Fixe (1) Feminine and masculine adjective. Colloquial.
1 Que não muda; que é seguro; firme, fixo. Estava com medo que a escada não estivesse bem fixe e que ele caísse desamparado.
2 Que é honesto, leal; que é digno de confiança. É um tipo fixe, não vai denunciar seja quem for.
3 Que é simpático, prestável,bom; que tem qualidades que atraem os outros.
4 Que agrada, que dá prazer. Assistimos a uma cena muito fixe. Esta casa é mesmo fixe!
5 Que é compacto, forte.

Fixe (2) interjection, colloquial.
1 Exclamação que exprime entusiasmo alegria. Fixe! Este é cá dos meus! Fixe! O professor não vai dar aula.
2 Usa-se como forma de assentimento, para provar que algo fica combinado, assente.

According to Houaiss, senses 1.3 and 1.4 (‘nice, pleasing’) applies outside Brazil only; and the interjectional senses 2 in Portugal only.

Except for the French influence, which I'm not old enough to confirm personally, this matches my personal experience. Fixe was used where I grew up in the sense 1.1 of firmly fastened, secure. And when I started hearing it in the other senses (which, I now realise, had been in use for quite some time elsewhere) I've always relate it to firmly fastened, secure. There is a sort of logical sequence from 1.1 to 1.4. Someone who does not change and is firm (1.1) is loyal and reliable (1.2), which is good and attractive (1.3), which pleases (1.4). Meaning 1.5 comes directly from 1.1, I'd say. The interjection (2) is perfectly understandle from meanings 1.2 to 1.4.

The fish-origin hypothesis is just an anonymous comment in a blog, and sounds fishy, to put it charitably.
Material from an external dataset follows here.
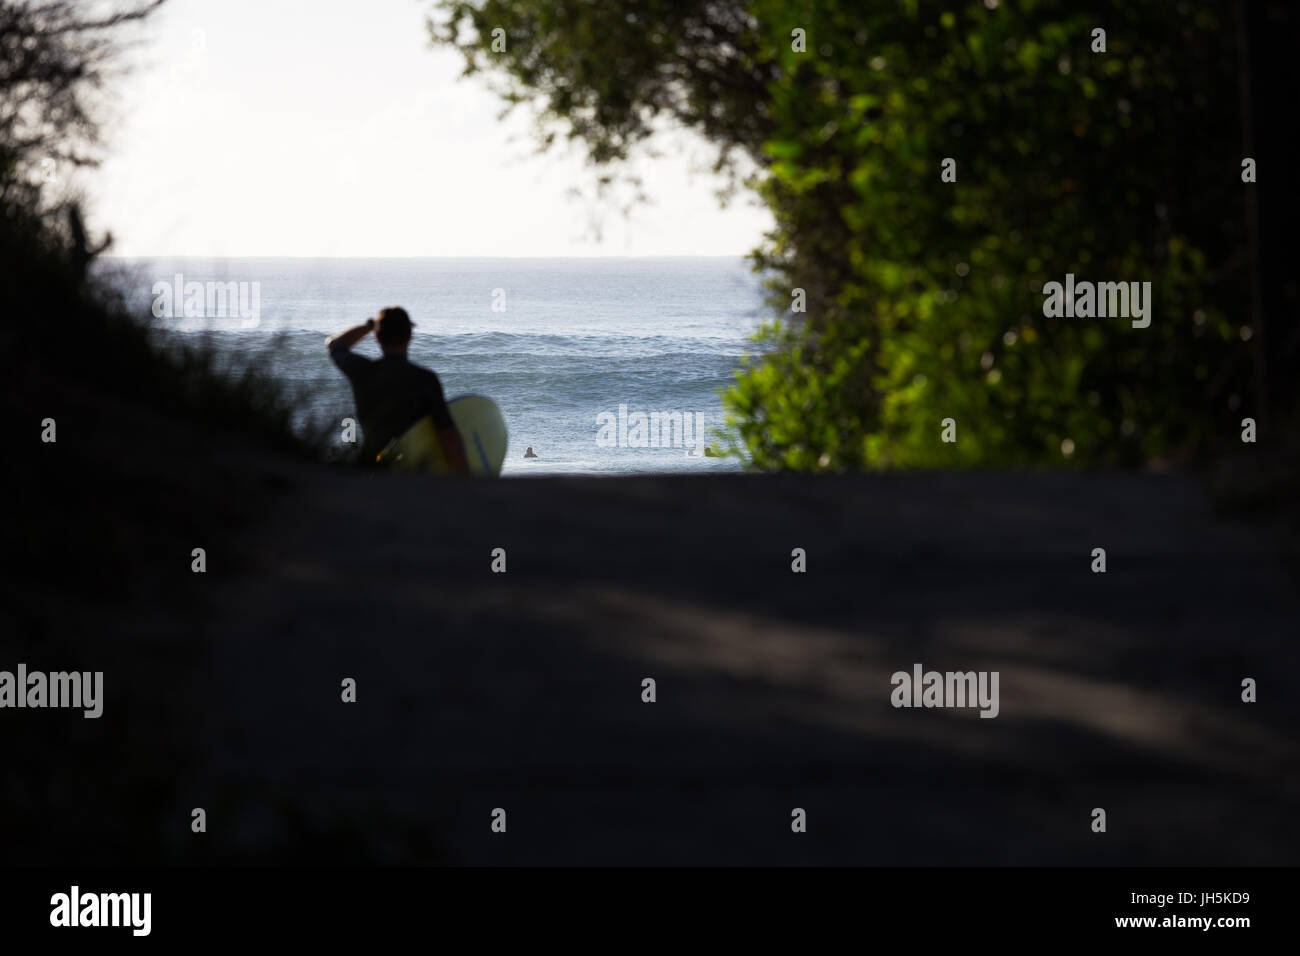 A surfer with surfboard under arm checks the morning surf at a scenic beach in Australia. Stock Photo

And anyway the 1933 Vasco Santana's quote and the humorous weekly Sempre Fixe, published in Lisbon from 1926, do away with it:

enter image description here
Sempre Fixe, Lisboa, 26-5-1926

The other senses of the word occur even earlier:

Mas todo o Mundo está cheio / De que tu não me eras fixe.
—Se eu te não fôra fixe/ Não te andava adorando;/Pela graça dos teus olhos,/Minha alma se anda matando.
(Teófilo Braga, Cantos Populares do Archipelago Açoreano, 1869.)
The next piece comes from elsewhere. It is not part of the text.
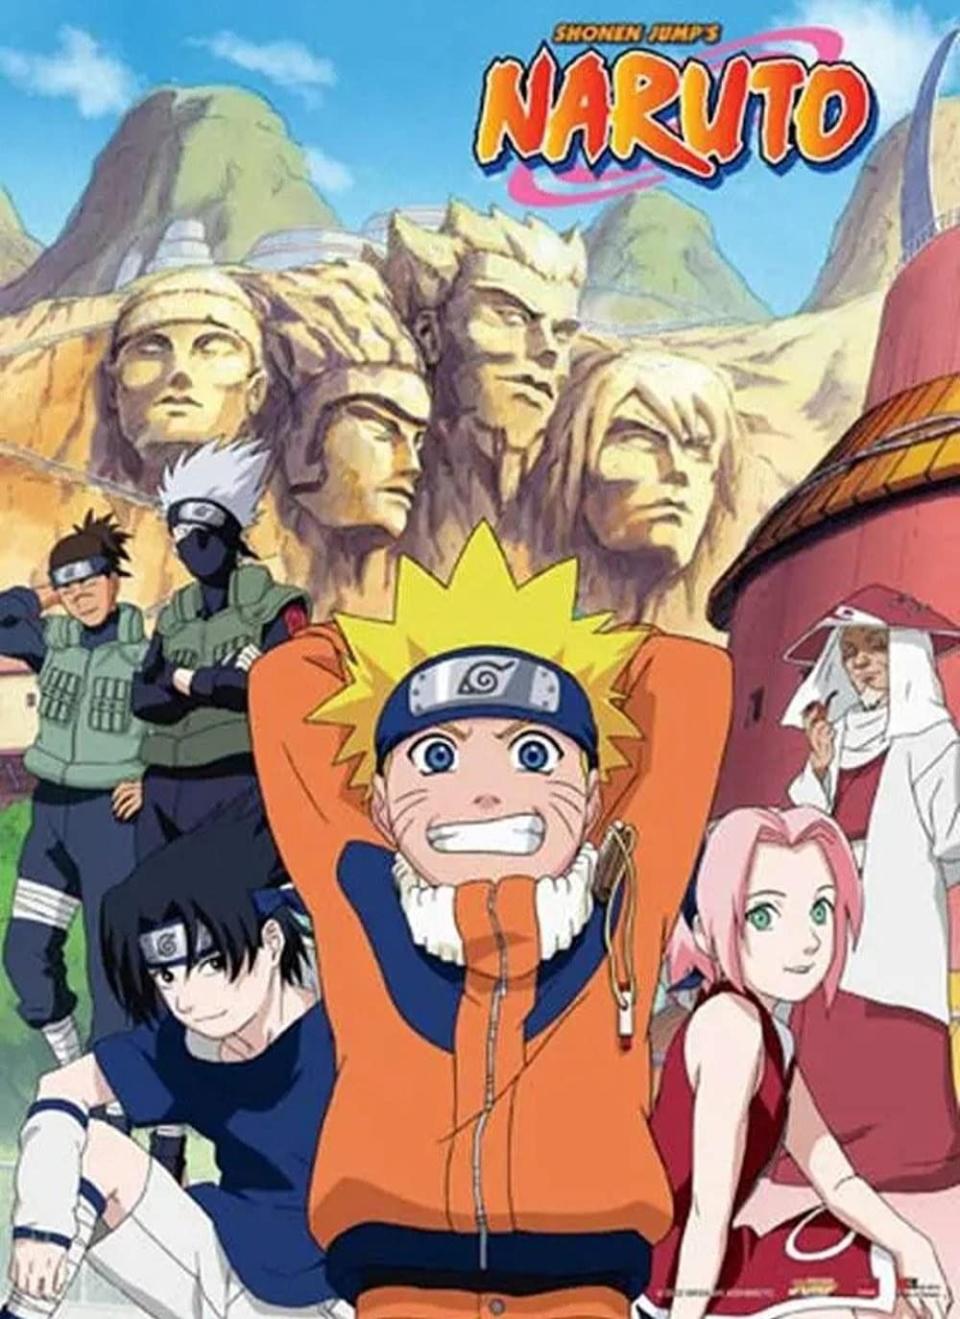 best anime tv shows and movies on netflix, naruto

Agora, decidiu trabalhar na Gruna do Defunto. Apesar do tempo estar "fixe", eu não achei bom, porque neste mês costuma dar uns aguaceiros na serra, e qualquer agüinha do riacho toma a boca da gruna, e foi assim que morreu o primeiro que entrou. (Lindolfo Rocha, Maria Dusá, 1910) (If this sounds like Brazilian Portuguese, it's because it is.)

Vê Vossa Mercê, que fazendo eu tenção fixe de não meter hoje em filosofias, já entrava nelas sem querer! (António da Costa, Cartas do Abade António da Costa, 1744.)

And Portuguese historian José Hermano Saraiva says in this episode of A Alma e a Gente, after minute 20, that the hapless future King Afonso VI (1643-83), as a child, a slow, sickly child, would only say fixe. Sounds like the interjection here.

I didn’t find anyone explaining the probable French influence. A possible reason is that French fixe has had the Portuguese meaning 1.1 (‘unmovable, stable’), which likely was where all other meanings sprung form, since the 1300s (CNRTL).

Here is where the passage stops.